Planes, Trains, Cars & Things That Go

9 May 2018, Joanna Lodge

If your kids, like ours, LOVE anything mechanical, engineer-focused and historical then you can’t go wrong with these two great museums, both with free admission!

The Royal Thai Air Force Museum, Don Muang

The aviation museum is a hidden gem for those looking for an educational, informative and fun activity for your children. There’s a huge amount of space for kids to run around in, places to hide, and best of all, aircrafts and machinery to explore.

Arrive early in the day as it gets very, very hot. (Make sure you get the correct directions, as it’s location is difficult for even the savviest of taxi drivers.
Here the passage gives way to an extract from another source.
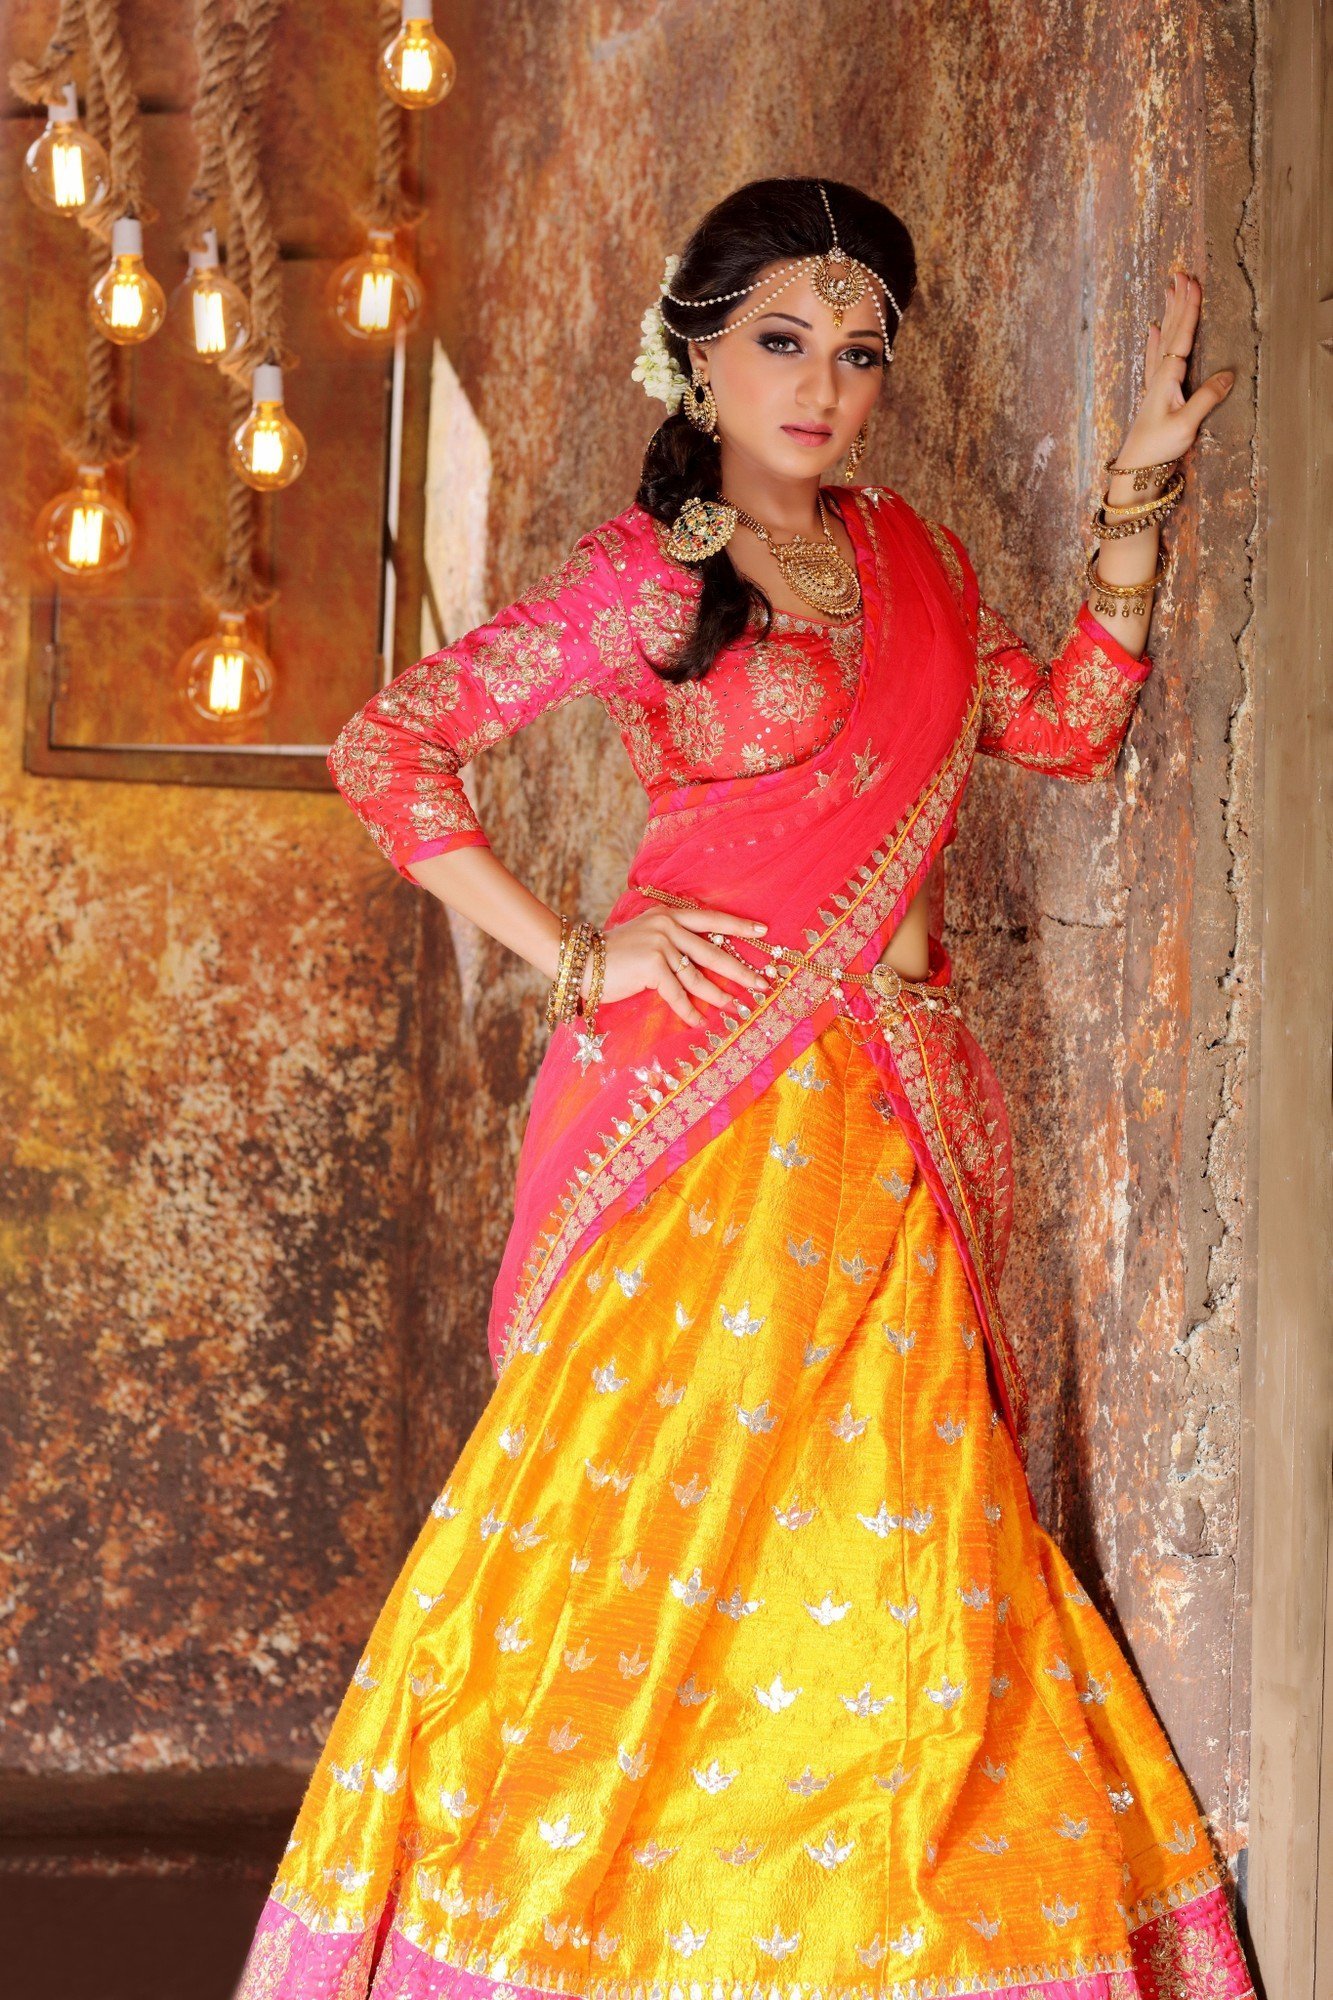 Actress Reshma Rathore in Saree Traditional Photoshoot | Picture 1524345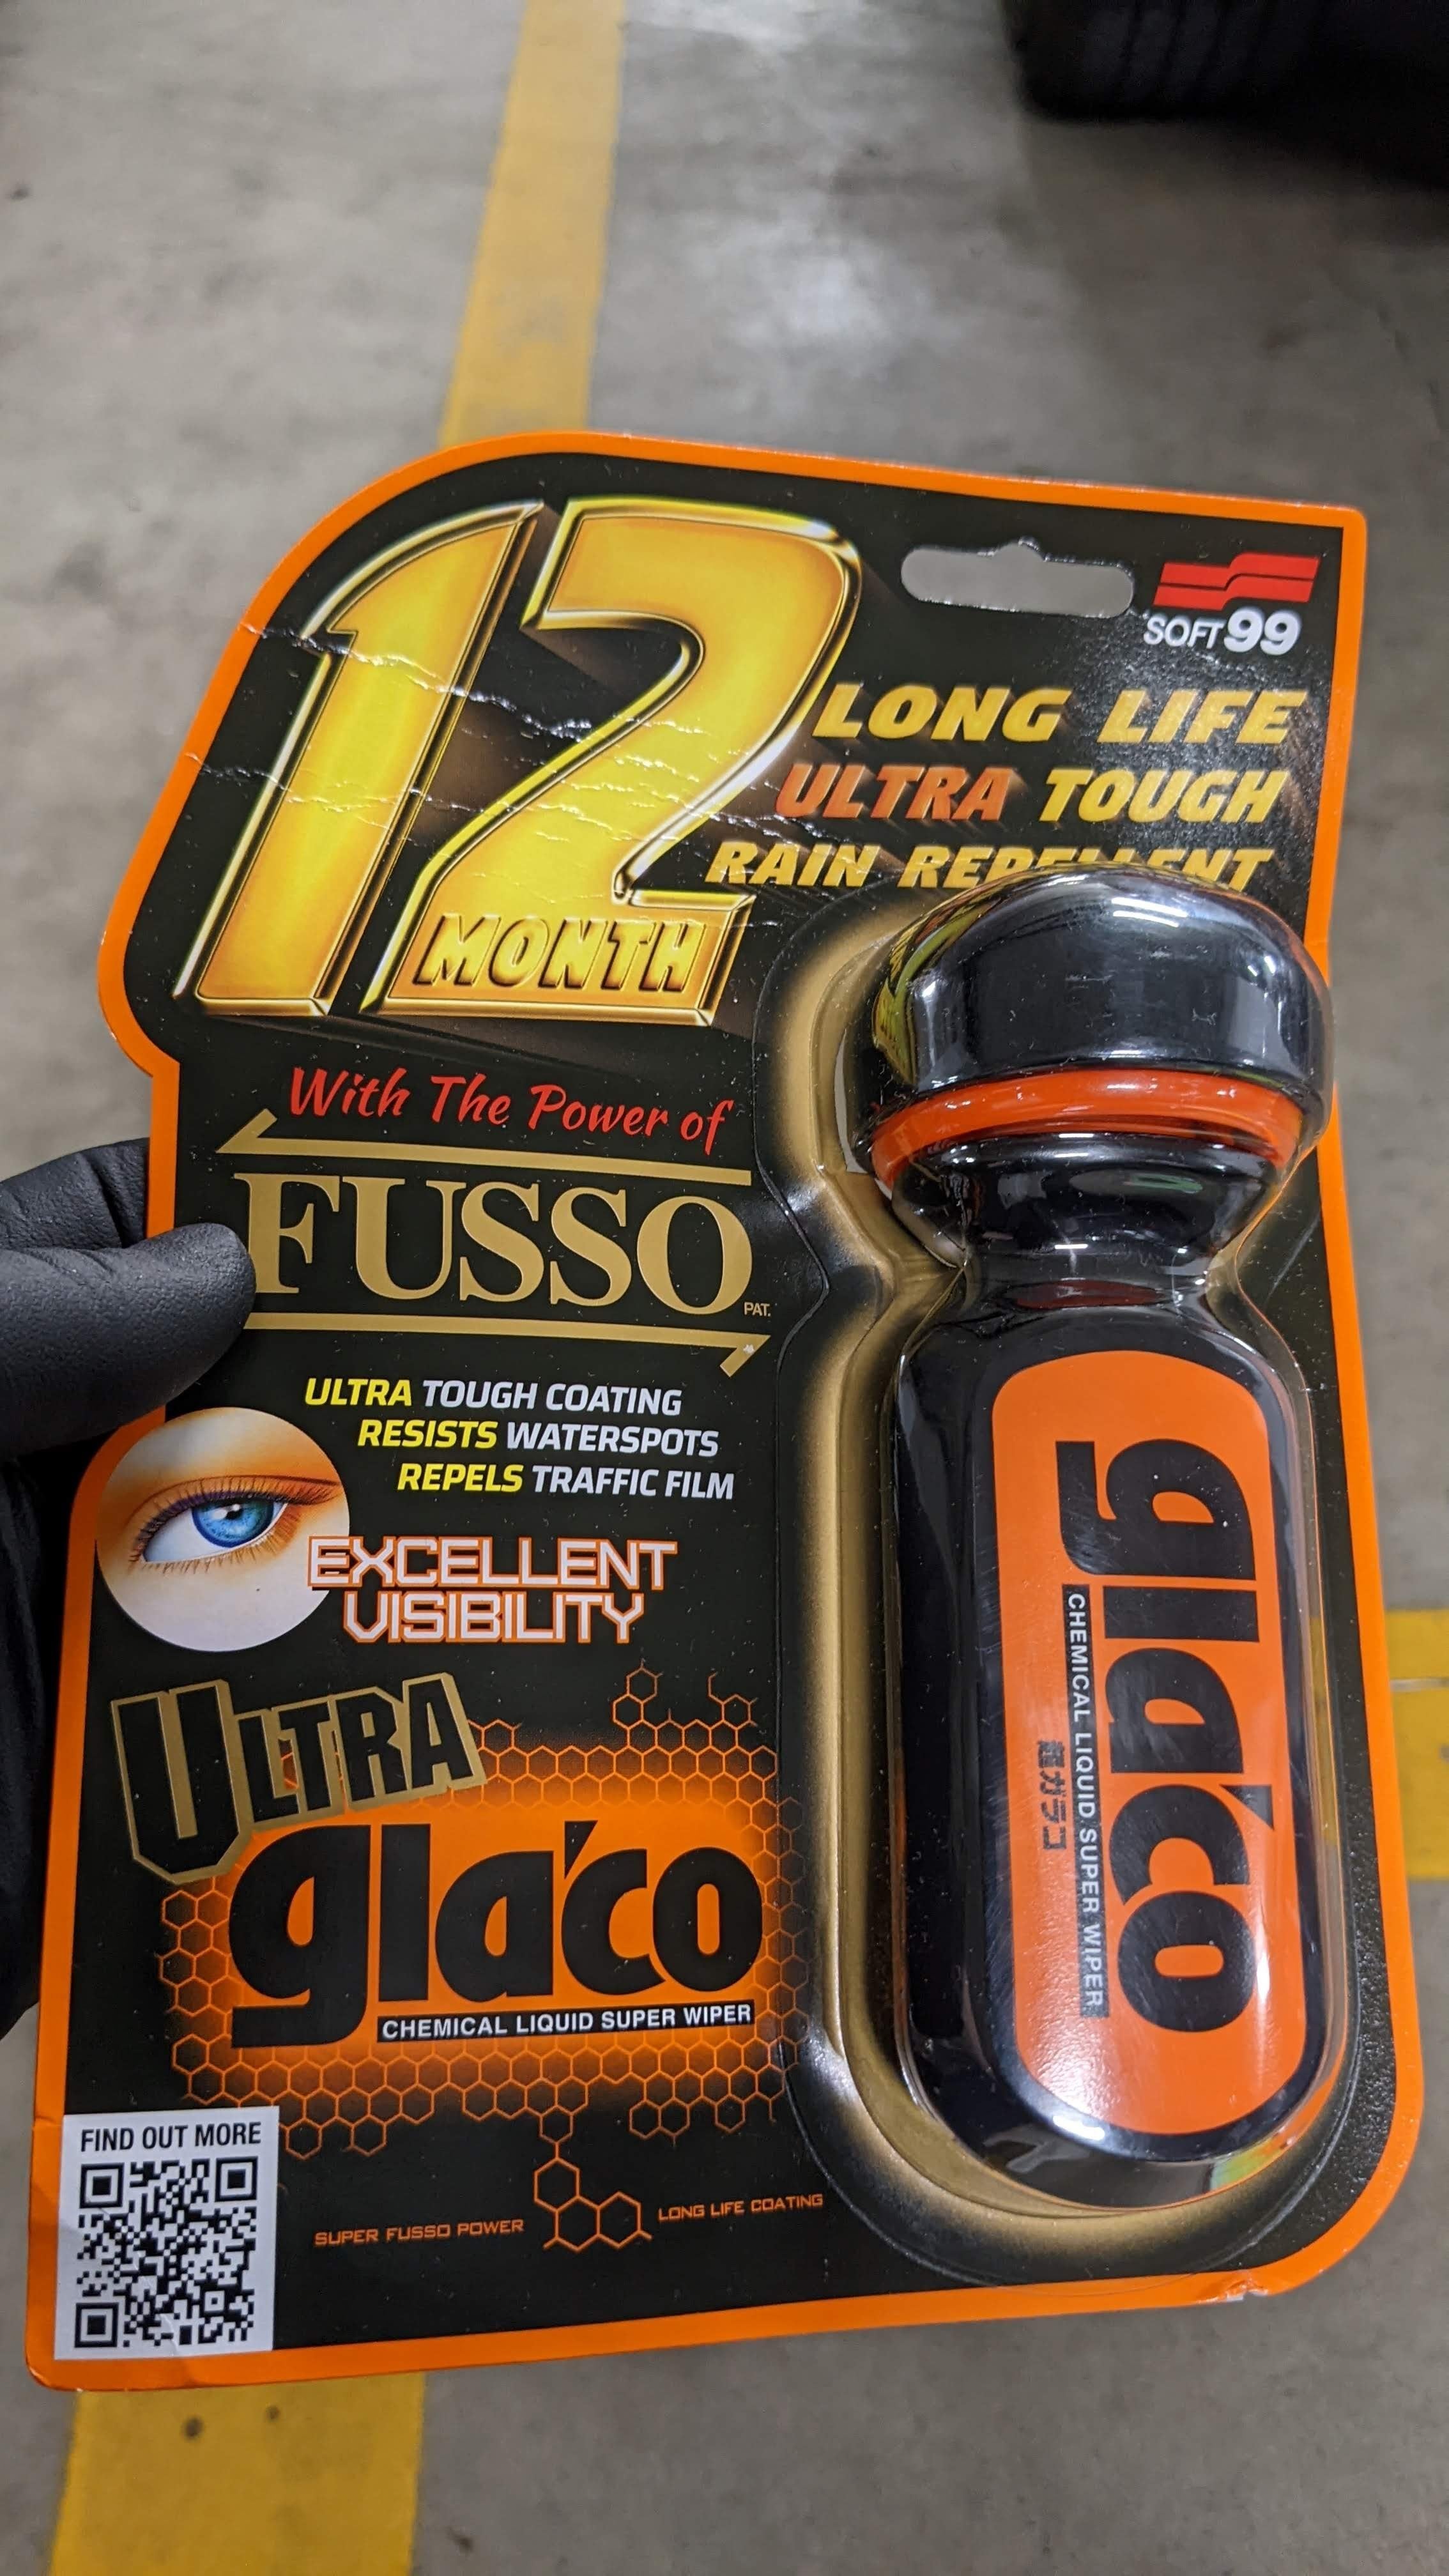 SOFT99 - Ultra Glaco Fusso Windshield Coating

The museum is located opposite the Military Academy, near Don Muang airport.)

We find it easy to spend a few hours here as, unlike museums in other cities, you can actually interact with the machinery. Climb inside huge carriers, sit in the cockpit of an aircraft, or tinker with the controls of a helicopter. If you ask kindly, you might even get to have a closer look at some of the more protected machines.

In the parking area alone, there are 10 or more aircrafts on display to get your excitement up.

More than that, there’s the historical aspect of the museum. The level of information available about the start of Thailand’s aviation journey, inclusion in the world wars, and their own personal development of craft and pilots is well documented and beautifully displayed in an air conditioned area. There is art work, original posters and scaled models of a variety of aircraft and aircraft hangers that are stunning to look at. The aircrafts in this part of the museum are pristinely cared for with staff on hand to answer any questions you may have, so long as you speak Thai, or have a Thai speaker with you.

Follow through the main area of the museum to a make-shift 747 fuselage, and onto an outside area with larger planes and helicopters. This is all under cover and incredibly spectacular. And it doesn’t stop there. A little further outside you get to the piece de la resistance, The Hanger. It can get hot but it’s amazing — there are aircraft of all shapes and sizes, many of which are open to embark. Get the experience of being a real pilot, fighting in the war, or pleasure cruising around the open skies of Thailand. It’s really cool, even as a non-aviation enthusiast.

You can get a a delicious Thai meal for a few baht at the café, and the facilities are clean and user friendly. If you want to take a little bit of the museum home, there’s a gift shop that offers a huge range of model making equipment and kits, memorabilia and souvenirs.

Jesada Technik Museum

The biggest vehicle museum in Thailand and in the region, Jesada Technik houses hundreds of transport vehicles, including cars, trucks, motorcycles, tricycles, bicycles, buses as well as planes, a helicopter, trains, farm and construction equipment. Amazingly, they are all part of a private collection.

The collector, Khun Jesada, is first and foremost a long-time automobile enthusiast. He initially acquired a Messerschmitt KR200, a German Microcar, via auction in Switzerland in 1997. A decade later, the collection rapidly multiplied, encompassing around 500 specimens, covering modes of transport on road, rail and sky.

This then promoted Khun Jesada to establish a museum for the purposes of maintaining public interest and preserving the history and heritage of vehicles and machines. In January 2007, Jesada Technik Museum opened its doors to the public, with no admission fee.

Visitors are free to wander around at their leisure and enjoy vintage, newer and rarely seen vehicles. Vehicles are in various states of repair or restoration. The collection focuses on European brands, but also has a few vehicles from the U.S. Families that enjoy mechanical contraptions will appreciate the exhibits and could spend well over an hour here; others with no interest in such things may find it boring after a short time. Unfortunately, there isn’t a lot of written documentation about the vehicles; further information may be provided by the staff on hand.

The museum is located outside of Bangkok in Nakhon Pathom province, about a 80 to 90 minutes drive from the city centre, making for a good half-day trip.